WHAT THE TASK ASKS :: In the material below, find the span from the line with "handmade Keychain leather" to the line with "Berry trifle made" and transcribe only those lines, exactly, ends included, without the pictures.

DATA PROVIDED ::
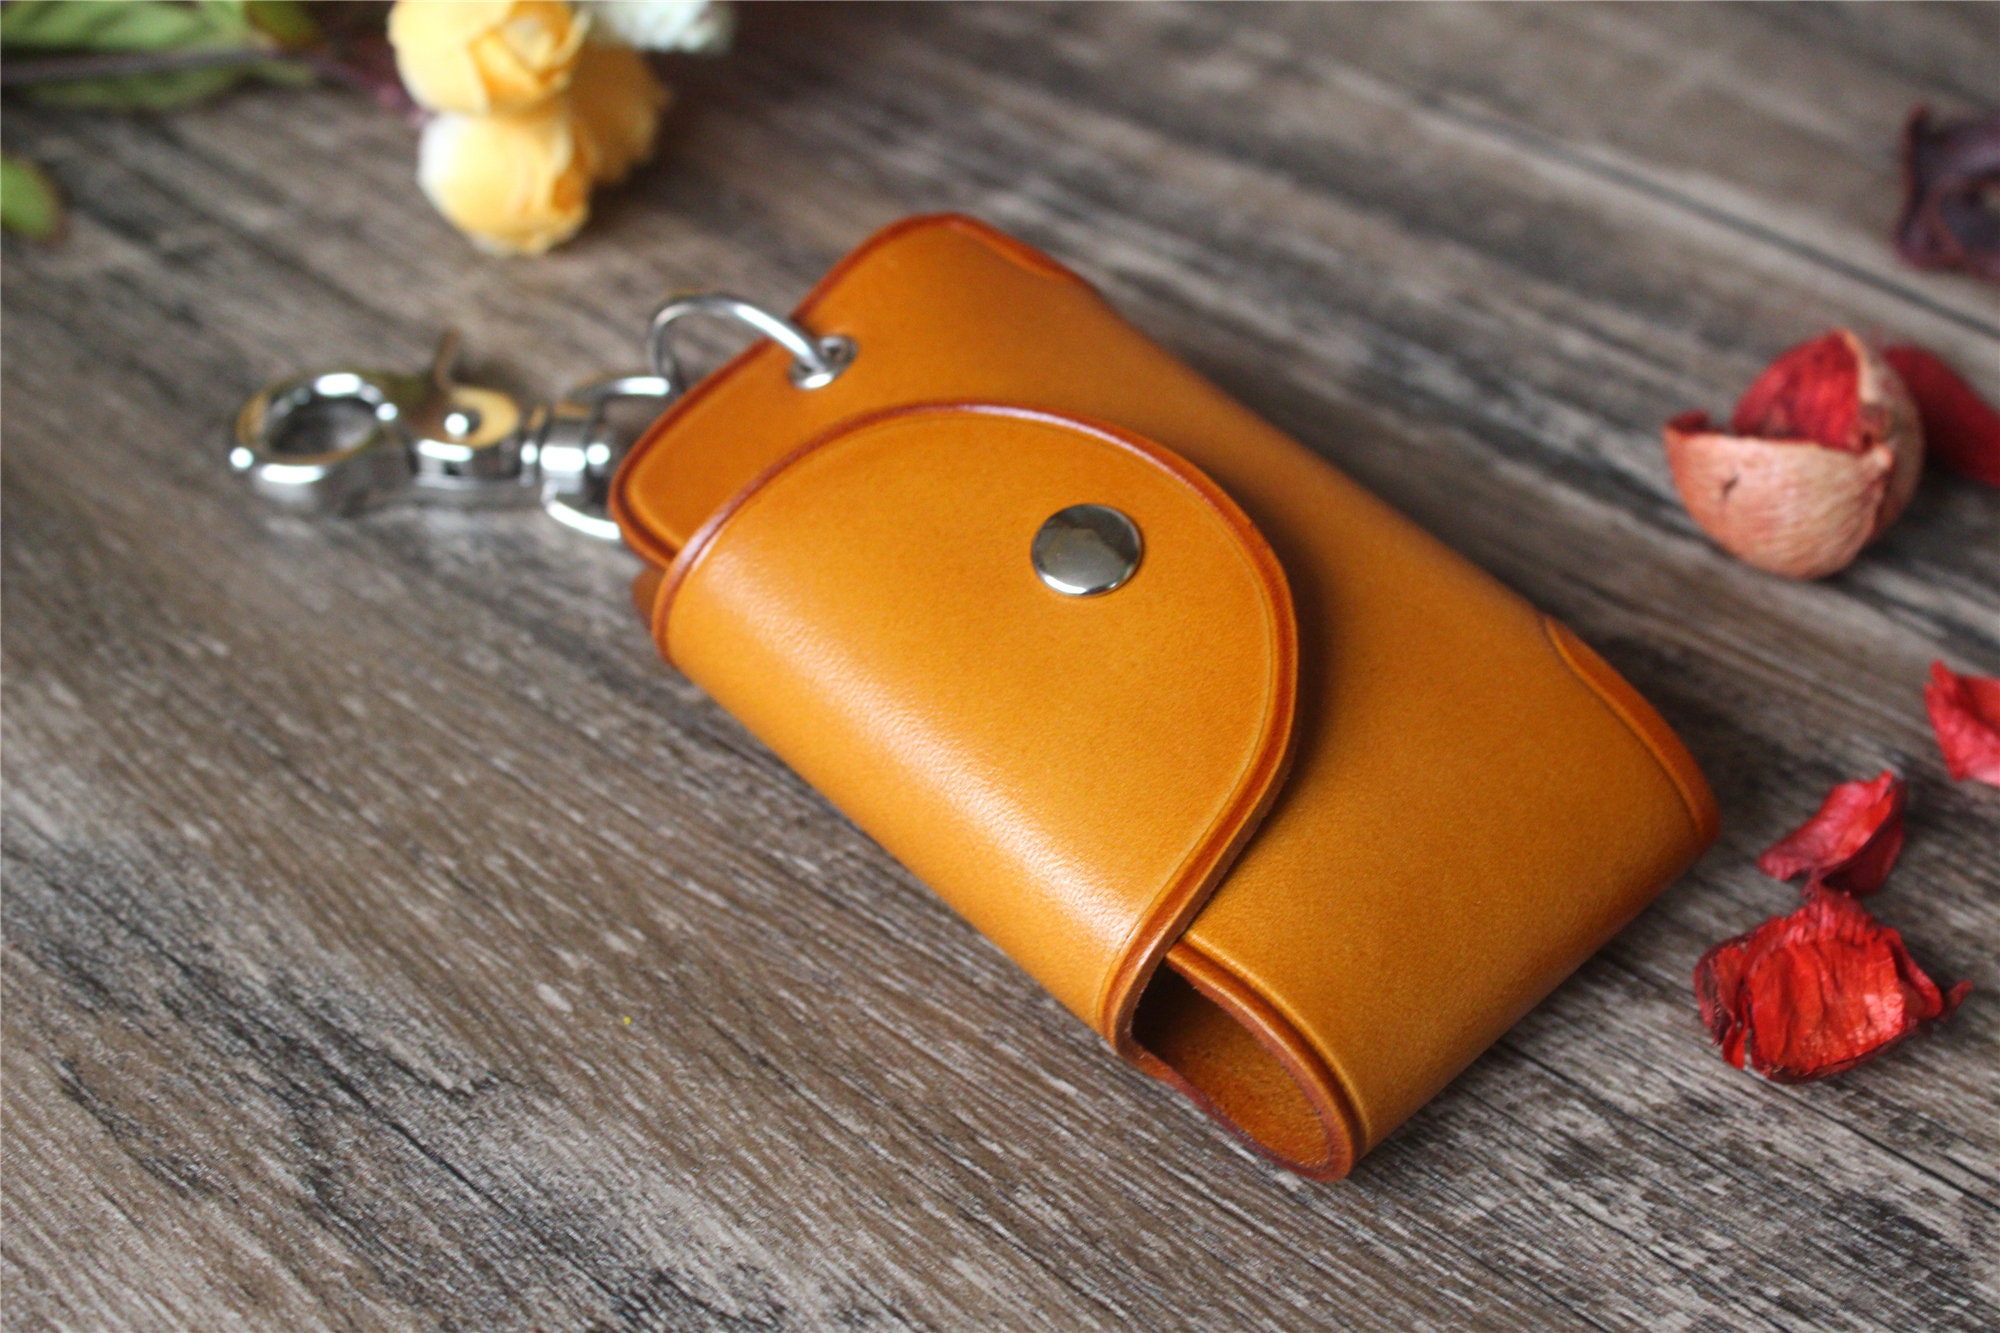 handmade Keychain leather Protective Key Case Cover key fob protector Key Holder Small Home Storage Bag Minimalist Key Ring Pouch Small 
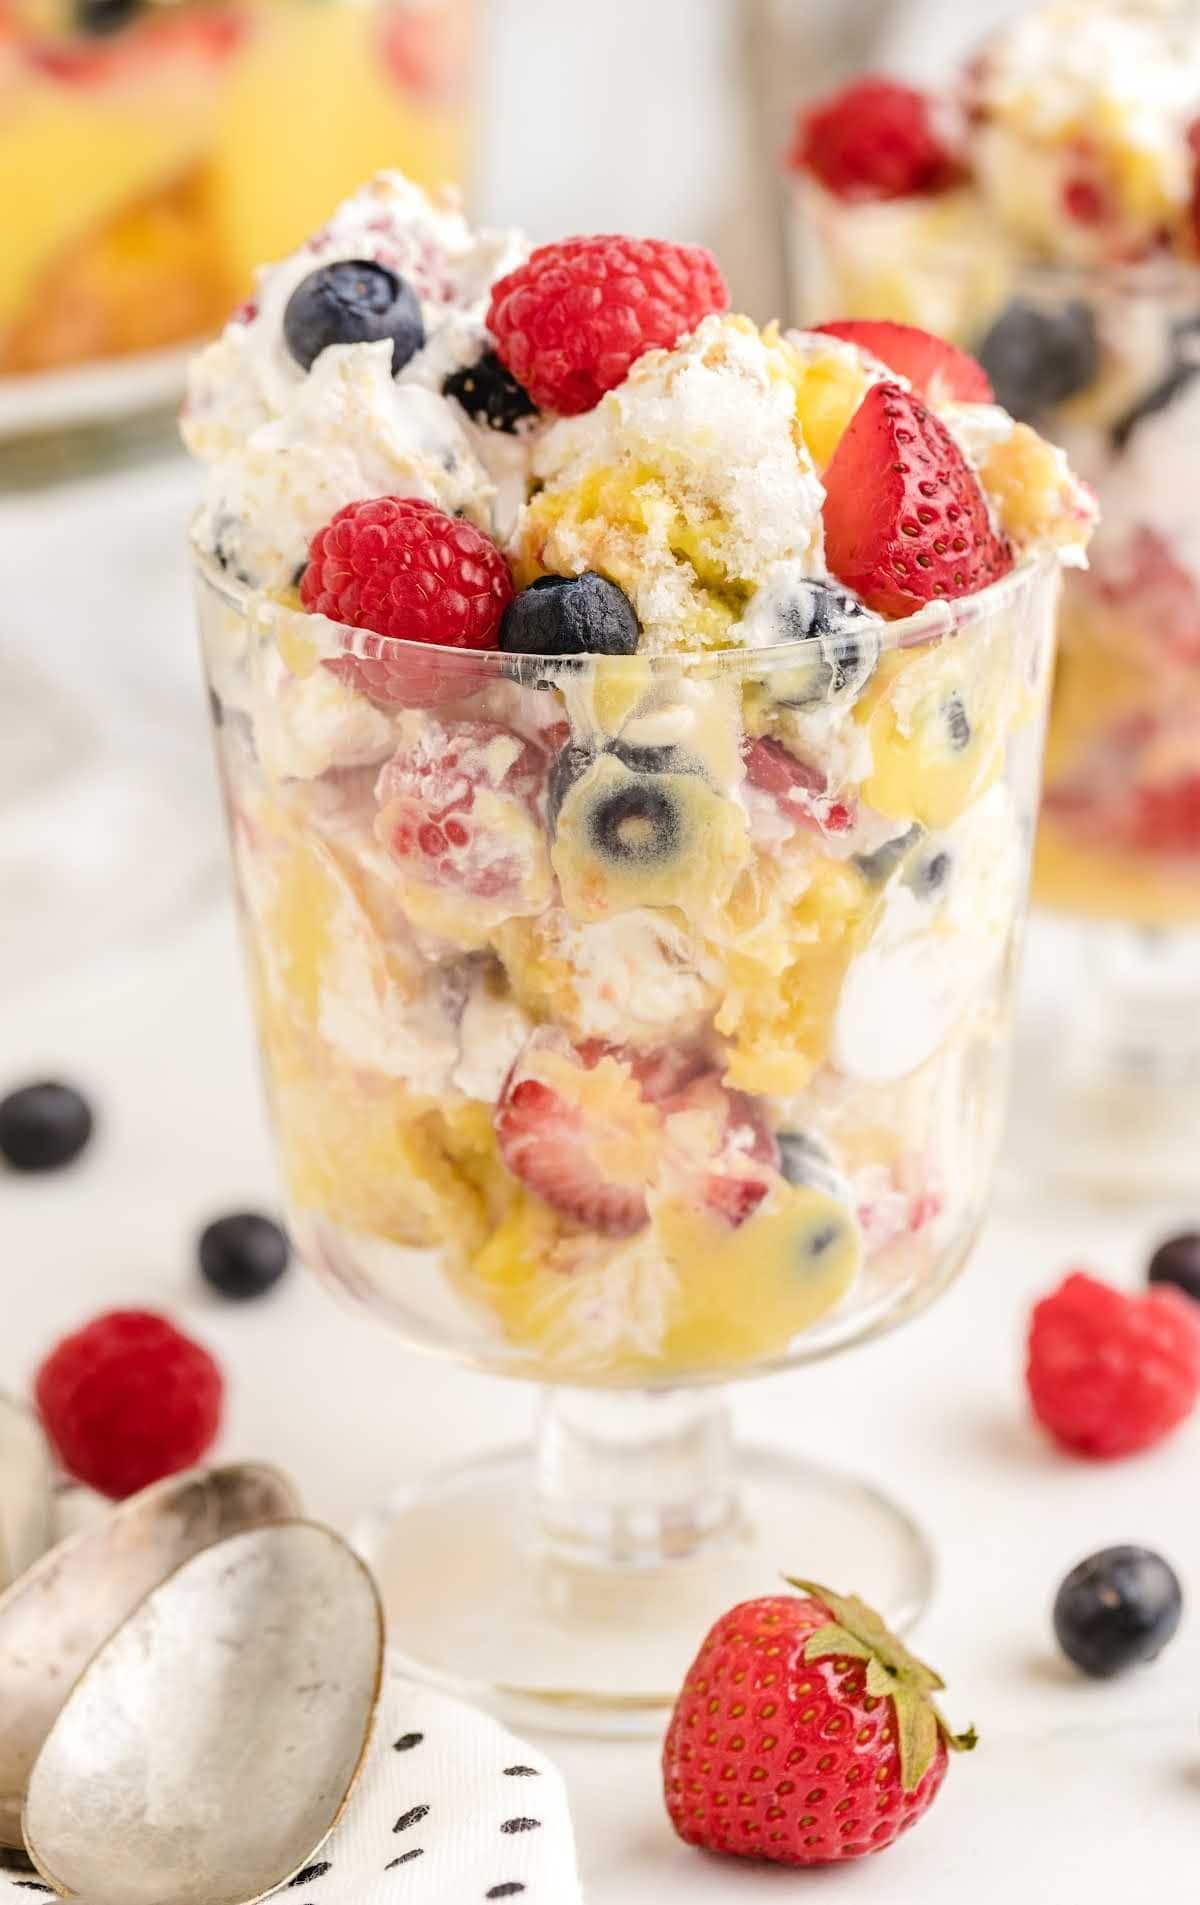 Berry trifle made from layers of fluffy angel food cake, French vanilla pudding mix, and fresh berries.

* * *

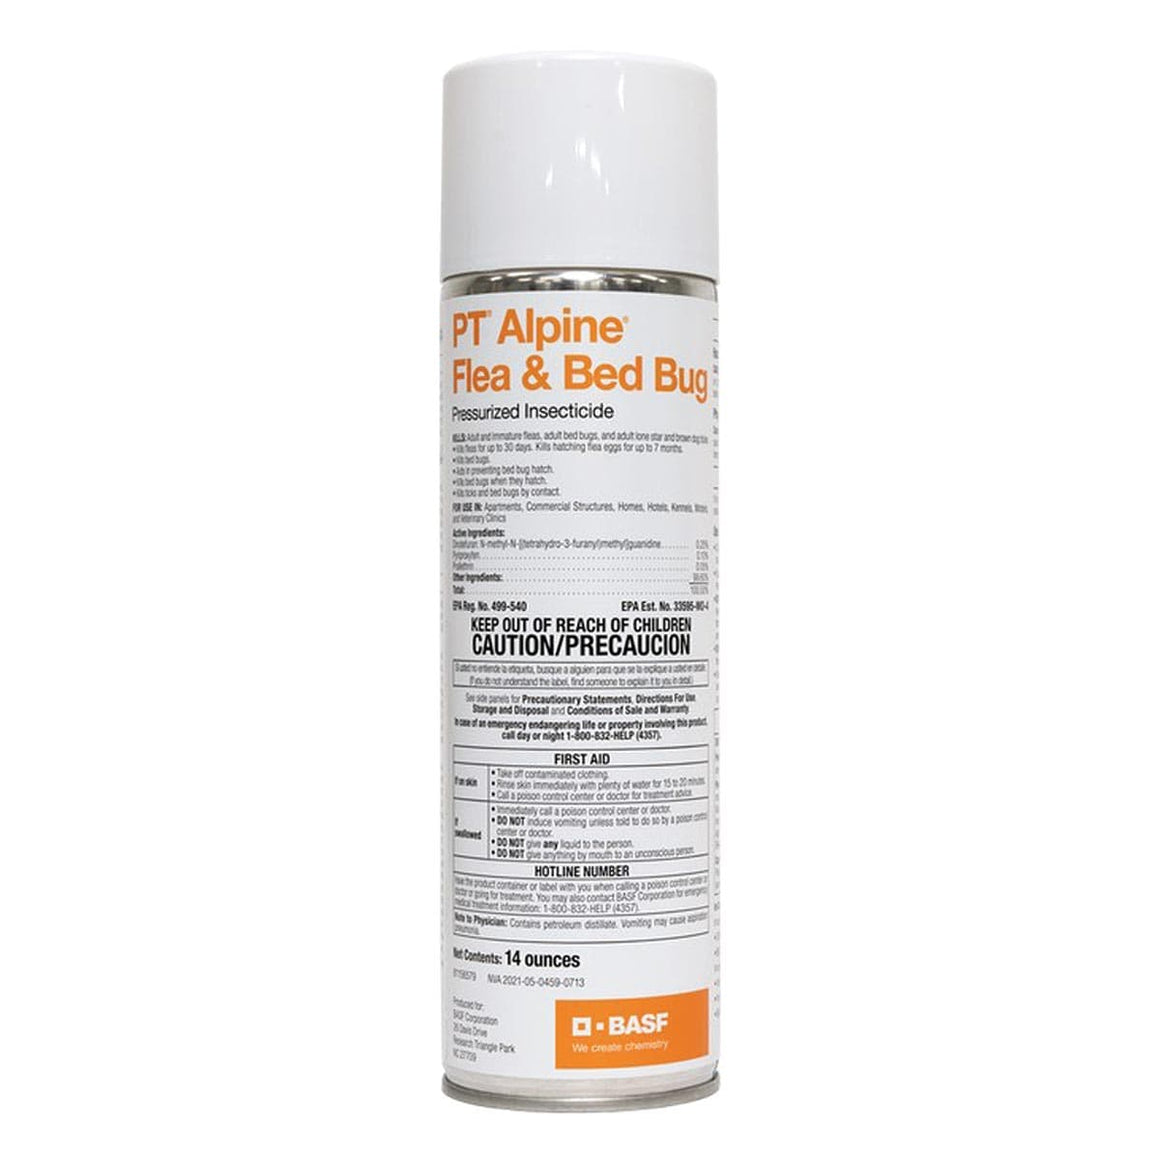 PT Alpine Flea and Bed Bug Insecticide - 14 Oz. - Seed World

* * *

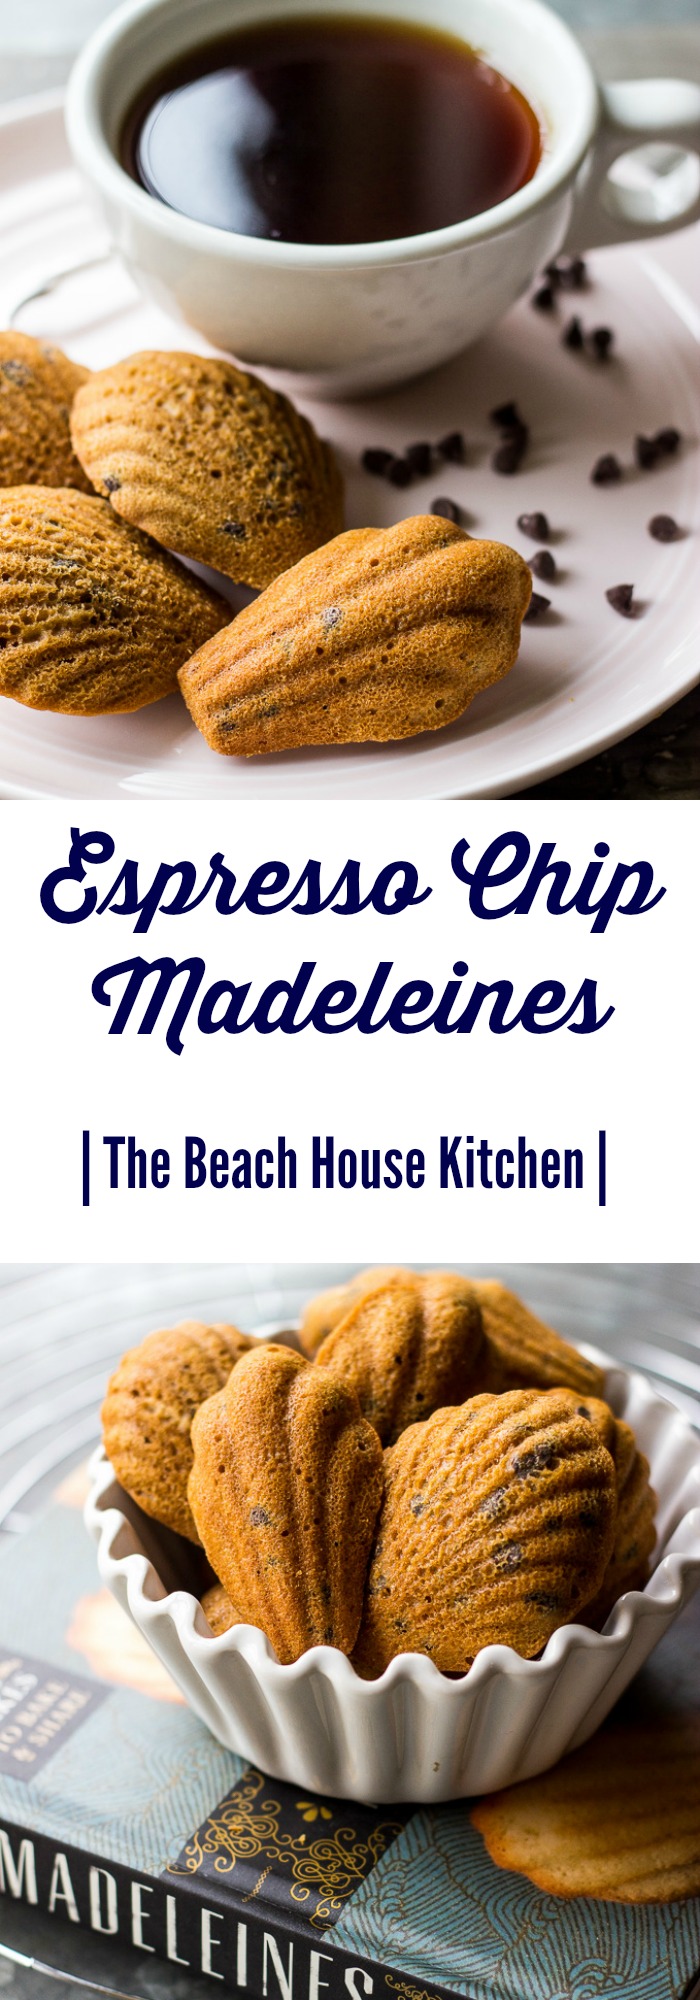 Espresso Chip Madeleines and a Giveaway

RESULT OF THE TASK ::
 handmade Keychain leather Protective Key Case Cover key fob protector Key Holder Small Home Storage Bag Minimalist Key Ring Pouch Small 
 Berry trifle made from layers of fluffy angel food cake, French vanilla pudding mix, and fresh berries.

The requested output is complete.